#### Collected material
★ ★ ★ ★ ★ ★ ★
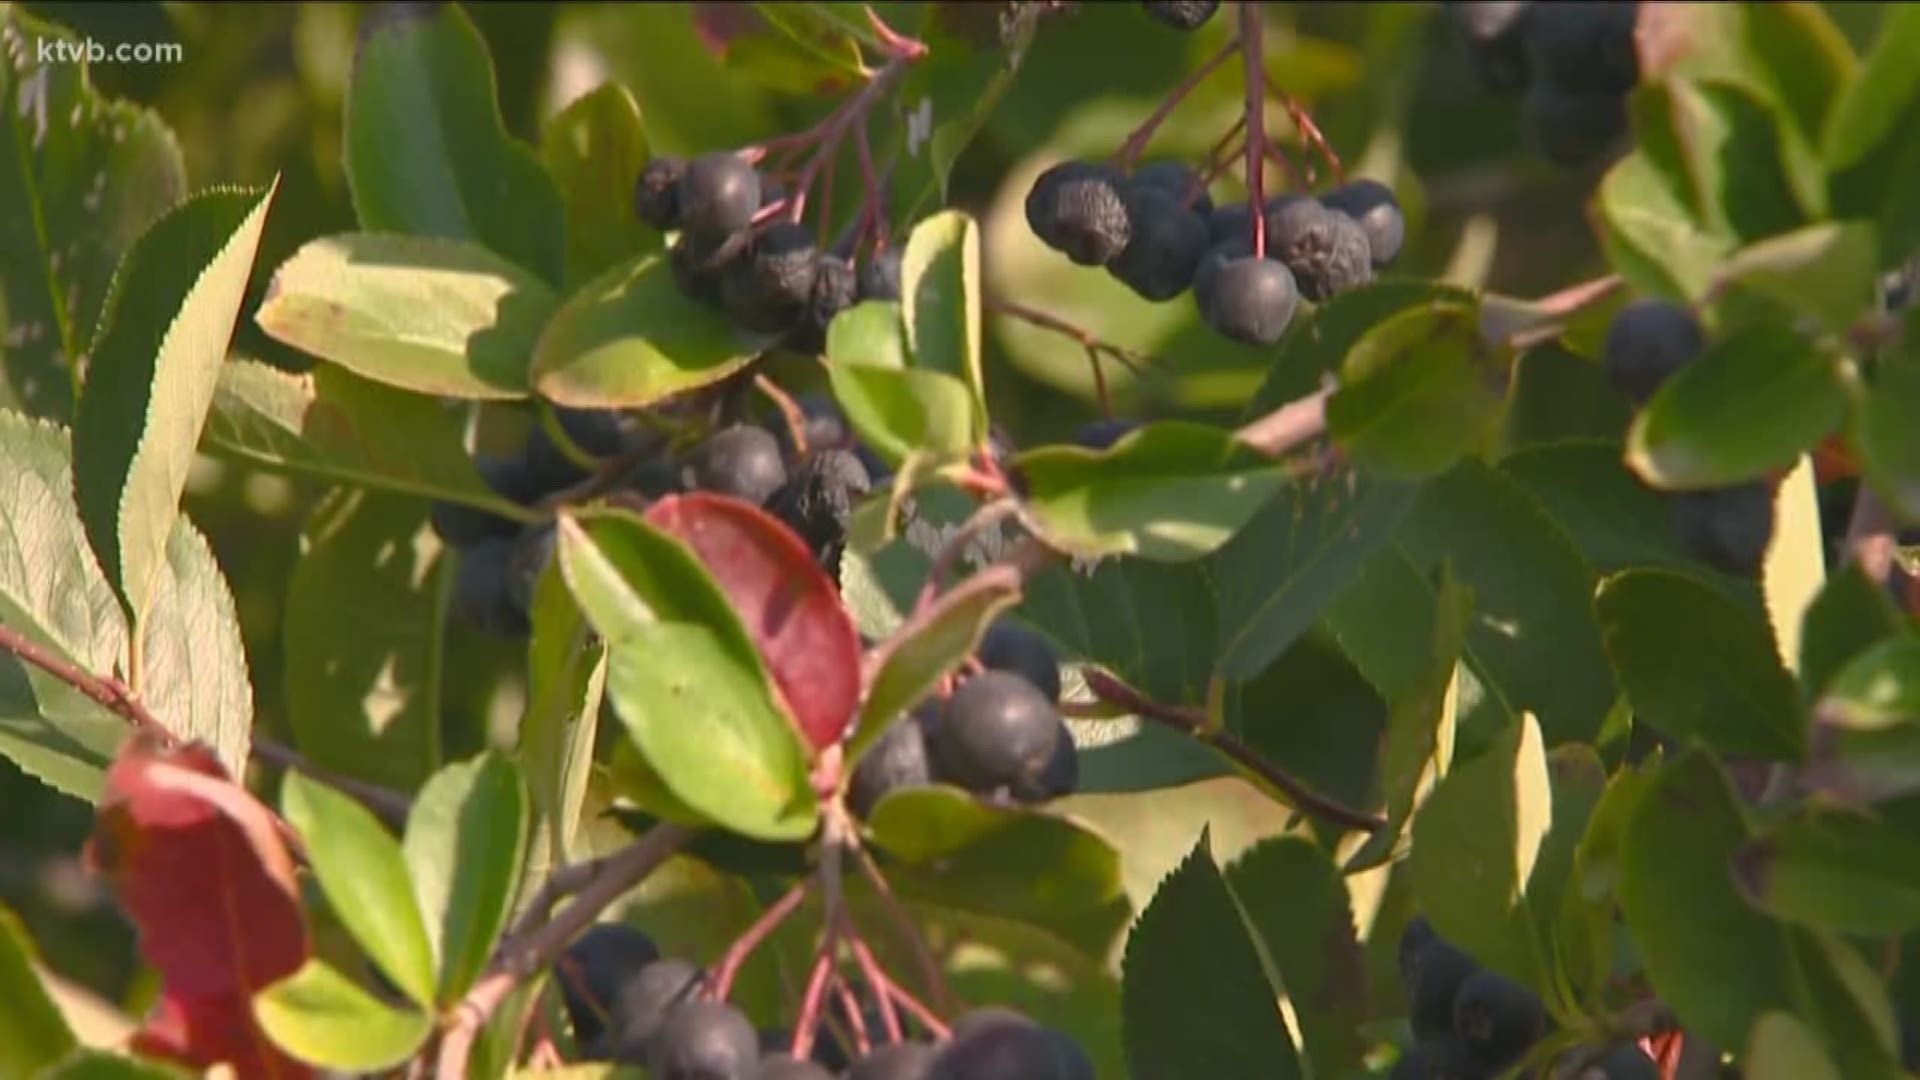 Jim Duthie takes us to a local farm where they are growing an unfamiliar berry.
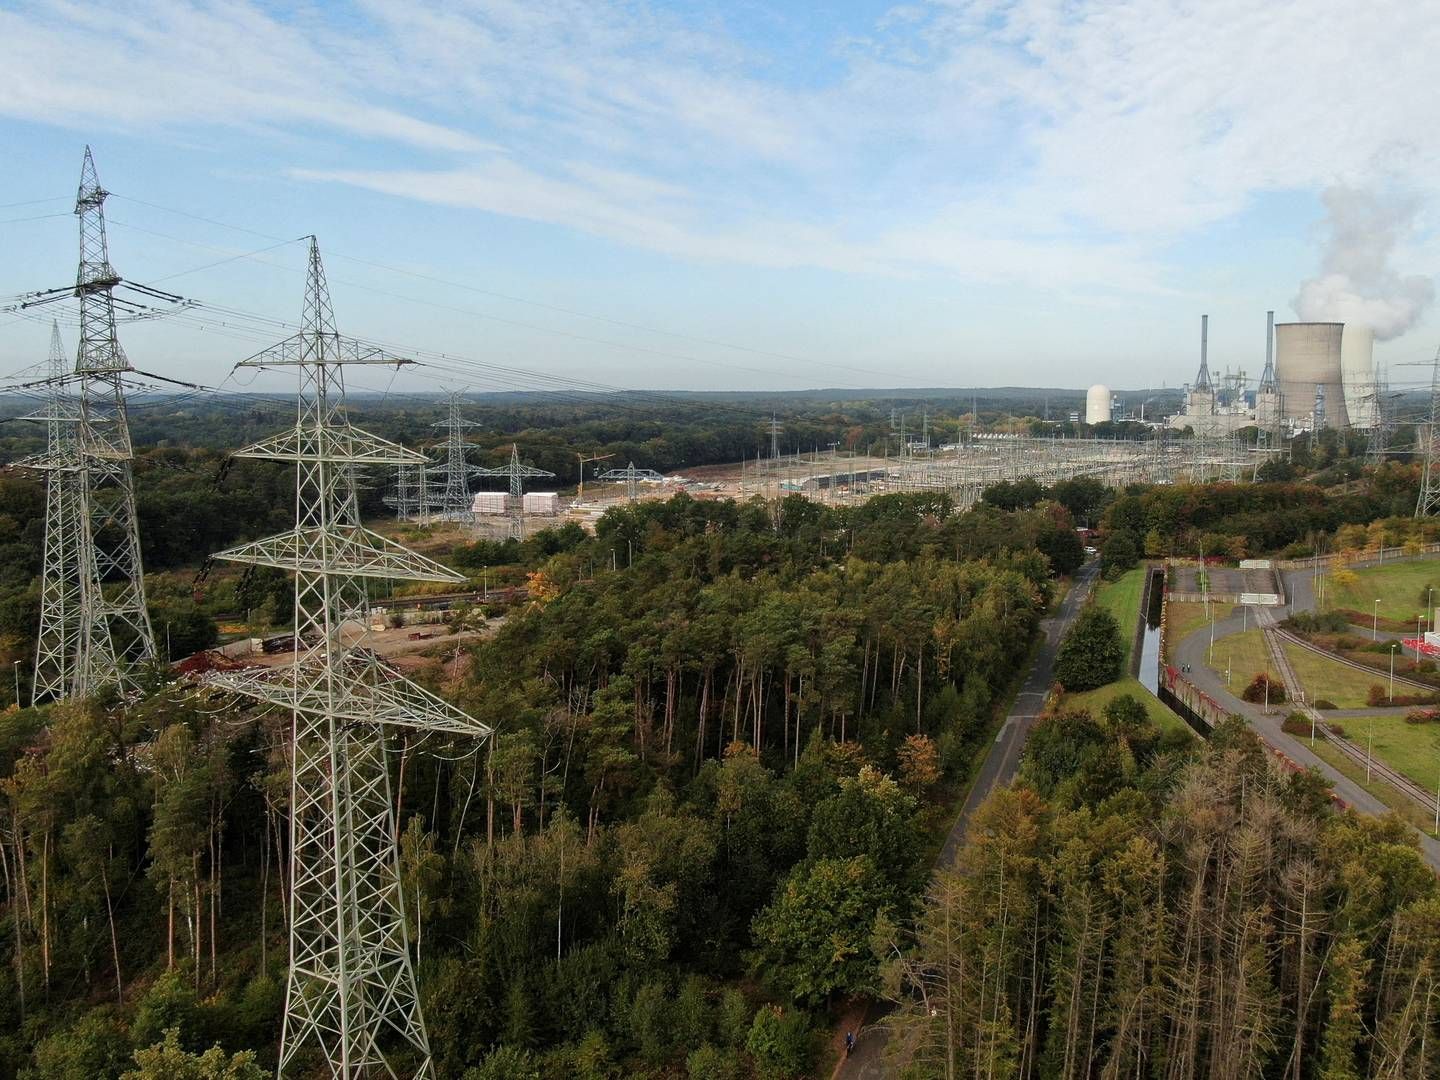 This coming weekend, Bavarian nuclear power plant Isar 2 is disconnected from the country's power grid along with two other plants. And so, Germany bids nuclear power farewell. | Photo: Stephane Nitschke
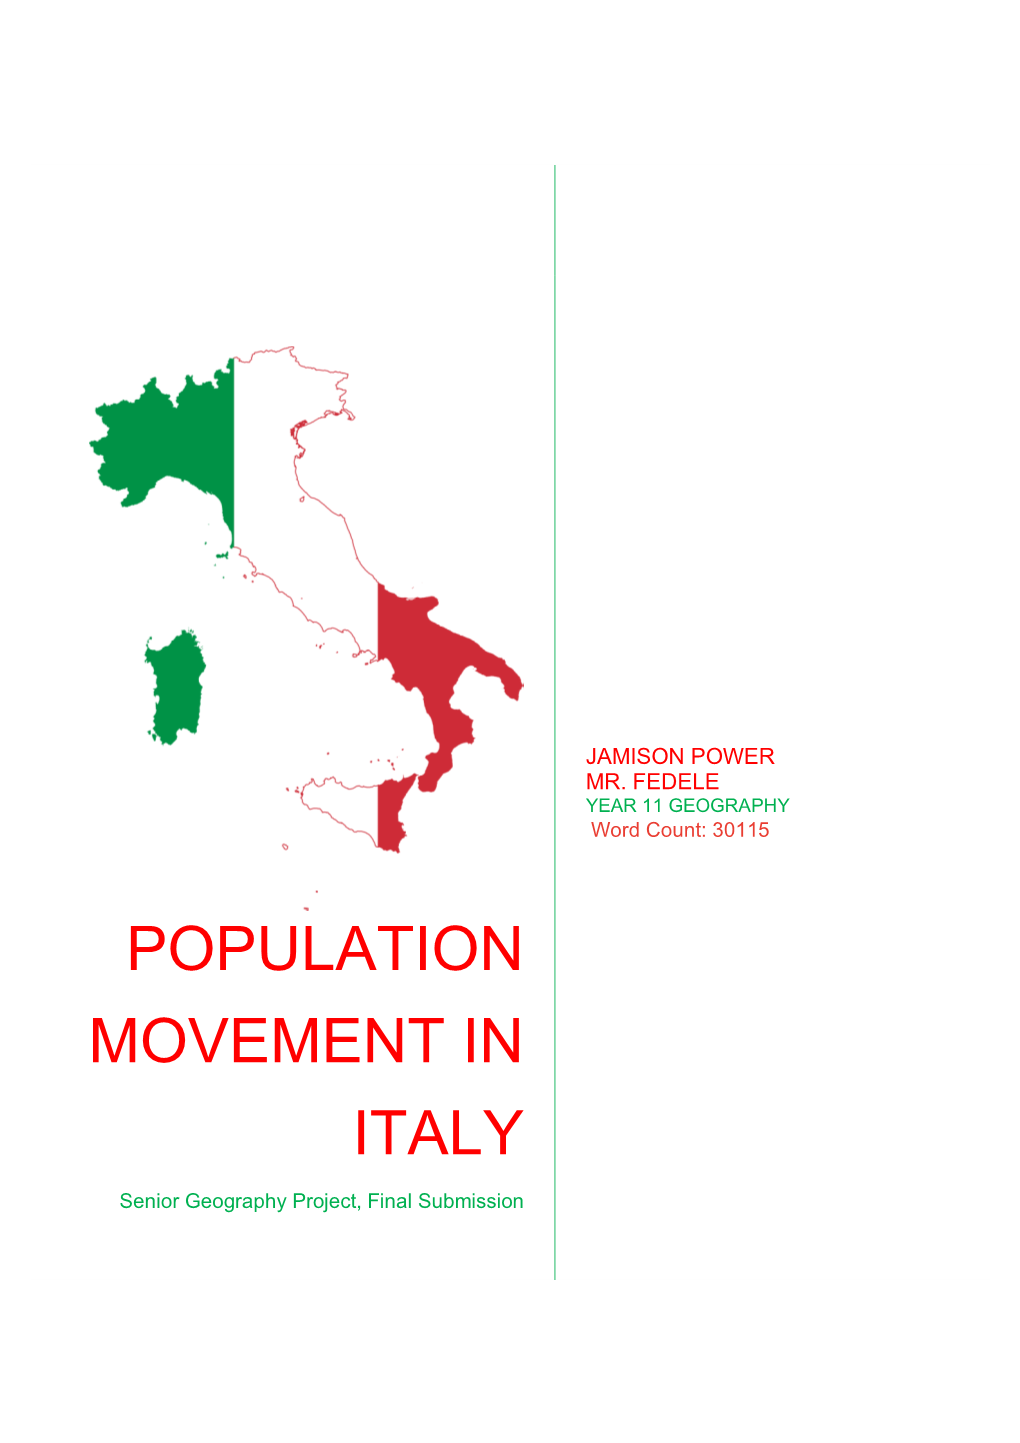 Population Movement in Italy
★ ★ ★ ★ ★ ★ ★
#### Task
Give the listing above again in its entirety, exactly as written and free of images.

#### Result
 Jim Duthie takes us to a local farm where they are growing an unfamiliar berry.
 This coming weekend, Bavarian nuclear power plant Isar 2 is disconnected from the country's power grid along with two other plants. And so, Germany bids nuclear power farewell. | Photo: Stephane Nitschke
 Population Movement in Italy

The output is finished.